Тут надо сразу оговориться, что это не единственный афоризм Стайн, оставшийся в энциклопедиях. Все же были и вполне осмысленные высказывания - и даже с использованием знаков препинания - они, правда, встречались не в стихах и рассказах, а в письмах. Это ей принадлежит фраза, взятая Хемингуэем в эпиграф одного из своих романов: "Вся молодежь, побывавшая на войне, - потерянное поколение". С тех пор термин "потерянное поколение" вошел в историю искусства и даже в психологические и философские трактаты. Вот только, опять же, термин этот вряд ли подчеркивал истину, потому что все, кого называли "потерянным поколением", в итоге никуда не потерялись, а совсем даже наоборот, оказались на виду: тот же Хемингуэй, Элиот, Ремарк, Фицджеральд…
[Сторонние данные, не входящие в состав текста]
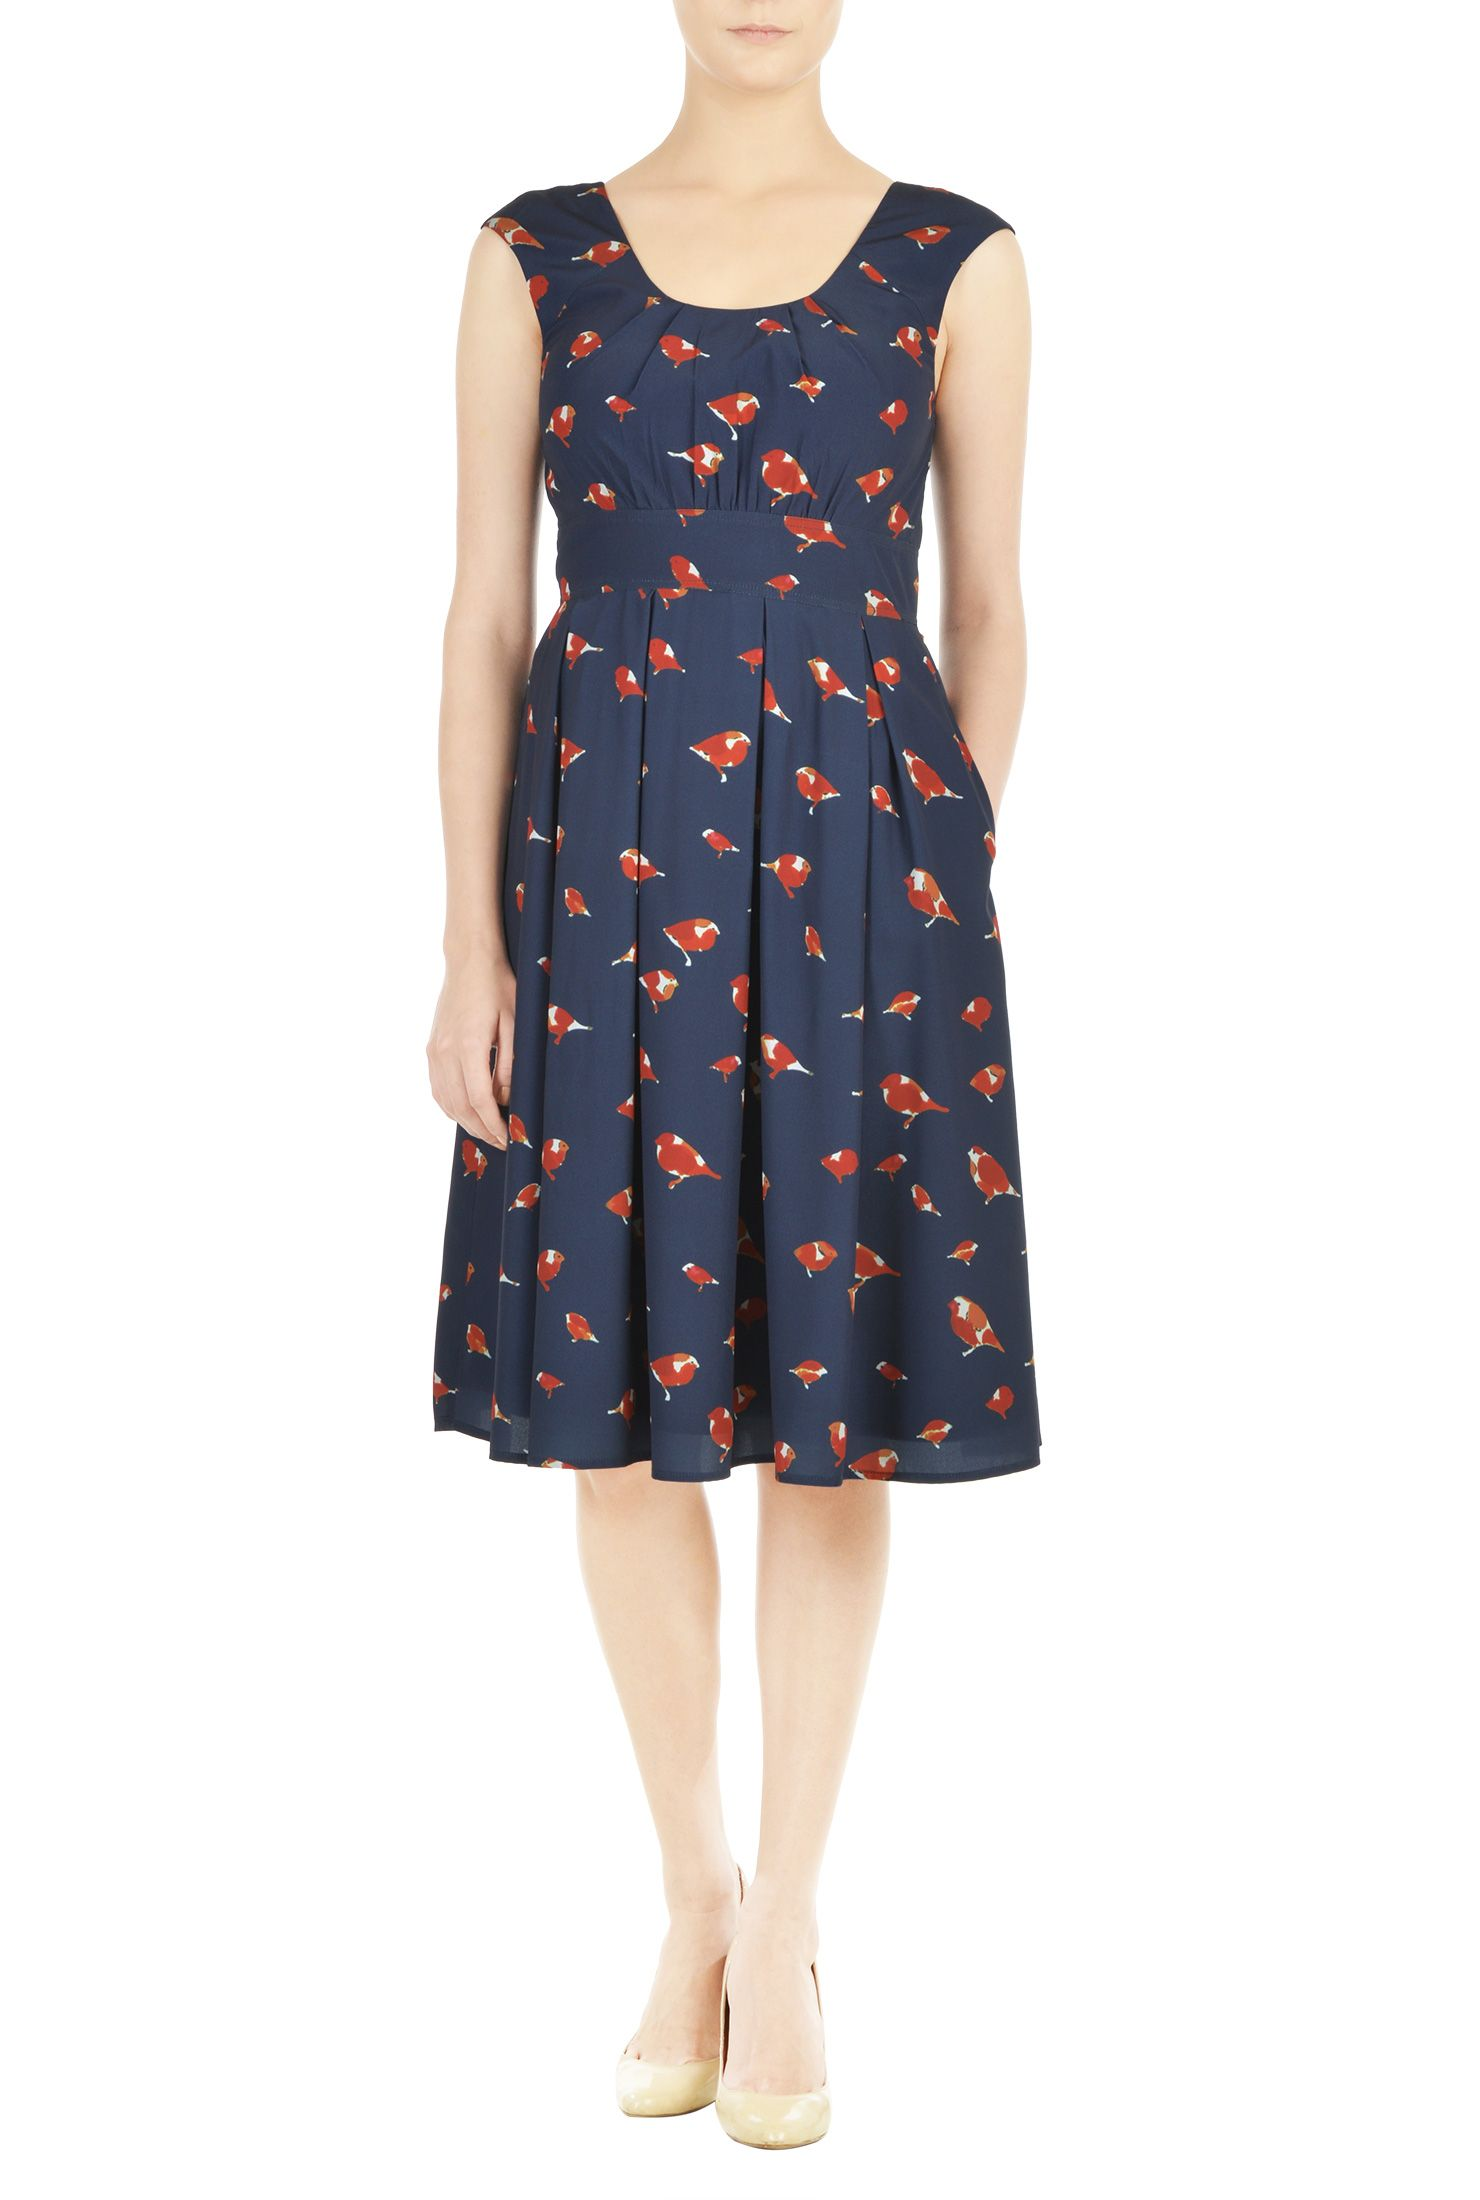 Below knee length dresses bird print dresses cap sleeve dresses

Объединять гениев и указывать им, кто они есть в искусстве, - это, пожалуй, то, что Гертруде удавалось лучше всего. Не успев приехать в Париж, она тут же определила, кто здесь "короли": "Такие самцы, как Пабло и Матисс, иначе как гениями быть не могут". Ей тогда только-только стукнуло тридцать, она уже писала и мечтала о славе, встреча с Пикассо и Матиссом помогла ей вычислить короткий путь к успеху - не по проторенным дорожкам, а с кувалдой, сотрясая все устоявшиеся формы.
Гертруда начала коллекционировать и продвигать новейшее искусство, превратив свою парижскую квартиру в художественный салон. Пикассо, Матисс, Брак, Дерен, Грис, Аполлинер - все они ходили сюда, как к себе домой, оставаясь на обед и сразу на ужин, потом следовали вечеринки, а на следующий день все повторялось вновь. Но ведь успевали писать, продавать, становиться знаменитыми, и все это как бы между делом, между французским омлетом, танцами, лекциями о психоанализе, переписками с другими гениями и восторженными самоцитатами, типа такой: "Прежде чем Пожар Погас Порыва Погас Порыв". Кубисты, сюрреалисты, модернисты и прочие птенцы гнезда Гертруды сами не заметили, как превратились в певцов всеобщей утраты смыслов…
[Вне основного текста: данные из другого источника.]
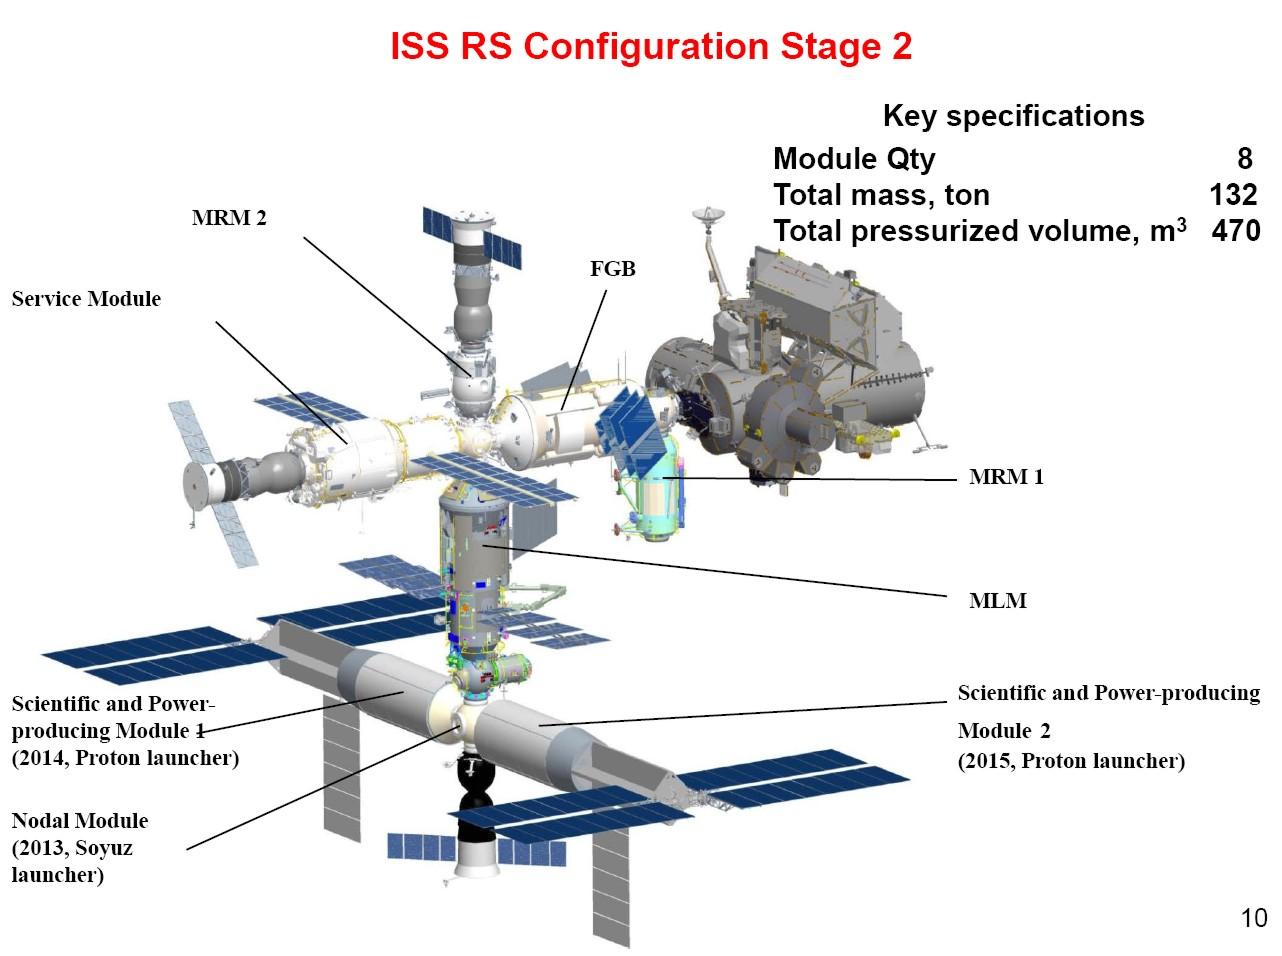 la Russie ajoutera 3 modules à son segment avant 2011 - Page 4 Module10

Здесь будет уместным сказать, что Гертруда предвосхитила модернистский авангард Джойса и все эти школы потоков сознания, в этих жанрах она начала упражняться за несколько лет того, как они вошли в моду. Но именно упражняться, законченными формами там и не пахло. Это потом задало тяжелейшую задачу американским библиотекам, которые решили однажды издать собрание сочинений Гертруды - оказалось, что бумага стерпит только три-четыре ее произведения, остальное - не более чем пыль к ее же портрету кисти Пикассо.
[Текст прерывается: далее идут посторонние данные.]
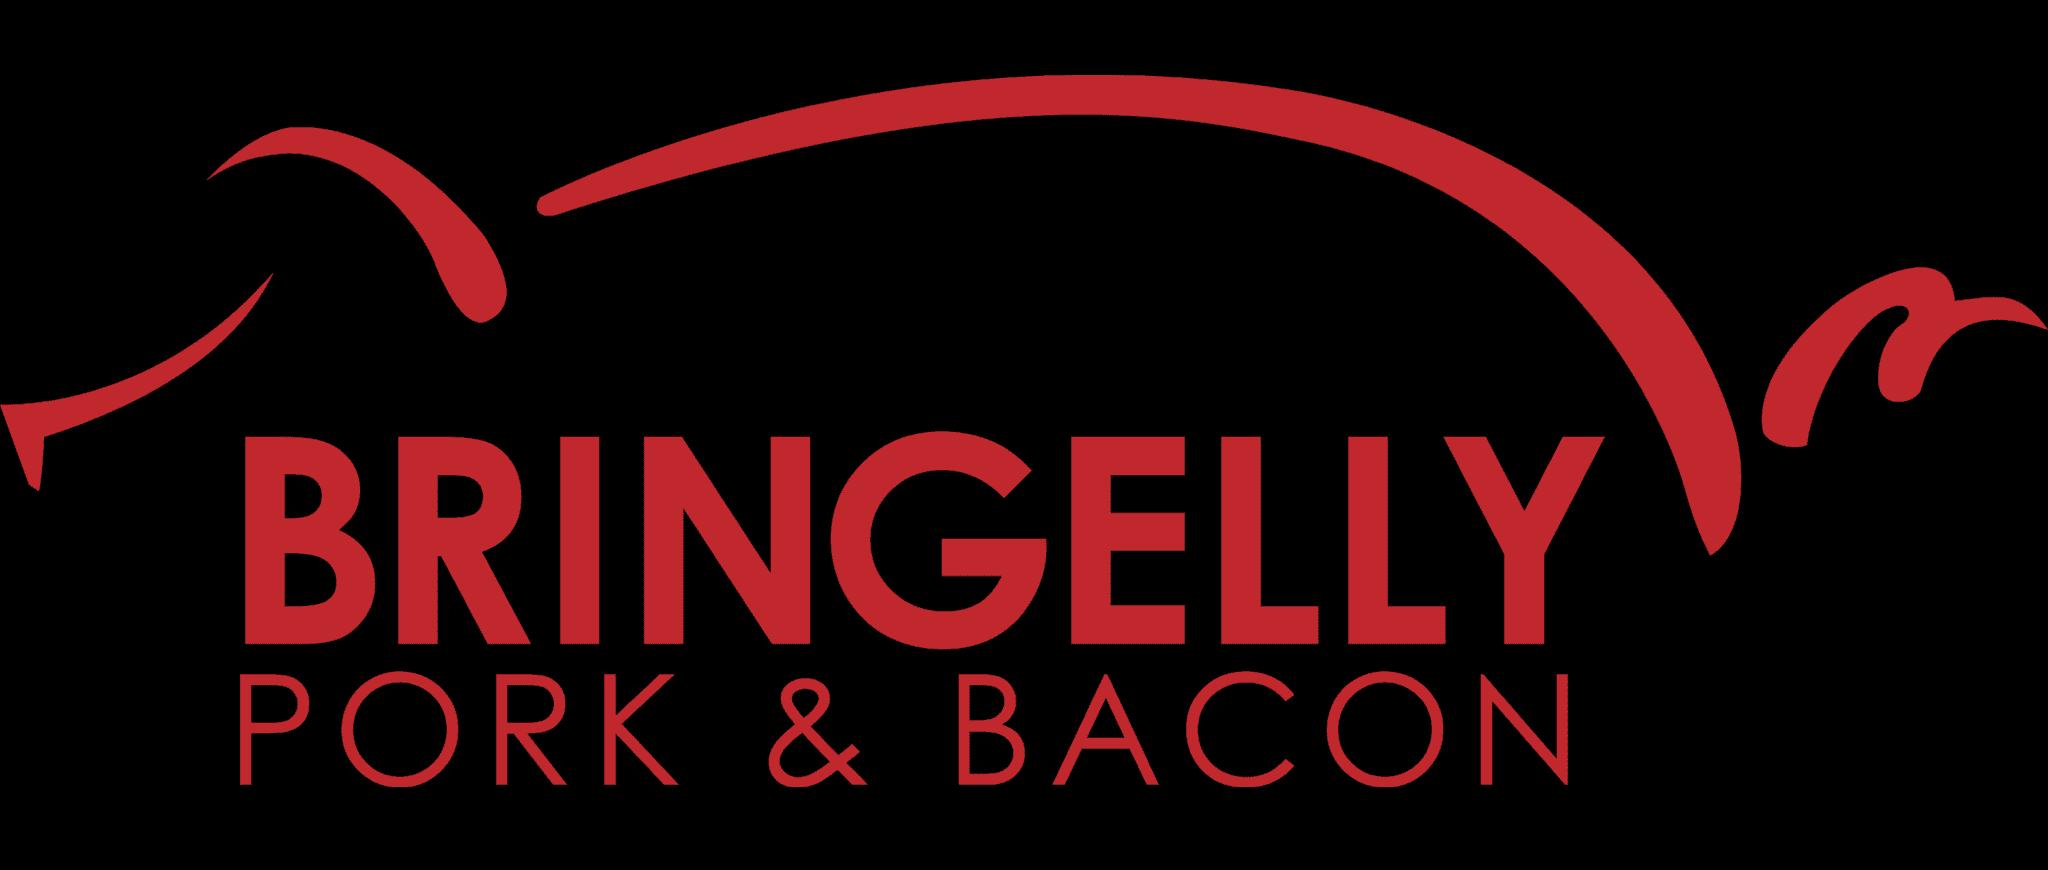 Bringelly Pork and Bacon

Но как бы Гертруда ни будоражила "эту чертову культуру" в своих салонах и в своих книгах, в день, когда началась Первая мировая война, она смыла всю эту "пену" и показала миру пример подлинного патриотизма, решительности и смелости. Выписала из Америки на собственные деньги грузовой "Форд". Освоив уроки вождения, стала развозить по госпиталям медикаменты. Интересно, что и после войны волонтерка переписывалась с одинокими солдатами, чьи ранения не позволяли им обрести счастье, она называла их своими "крестниками".
Война сделала Гертруду Стайн другой, художников из ее окружения как ветром сдуло, их место заняли писатели. Те самые, которые "потерянное поколение". И тот самый Хемингуэй, которому на момент его знакомства с Гертрудой было 23 года, страстно привязался к ней. Речь не о любви, он выбрал ее как свою наставницу. Сохранилось письмо молодого писателя к Шервурду Андерсону от 1922 года: "Мы с Гертрудой Стайн теперь как братья". Немало страниц об этом "братстве" можно найти в биографическом романе Хемингуэя "Праздник, который всегда с тобой".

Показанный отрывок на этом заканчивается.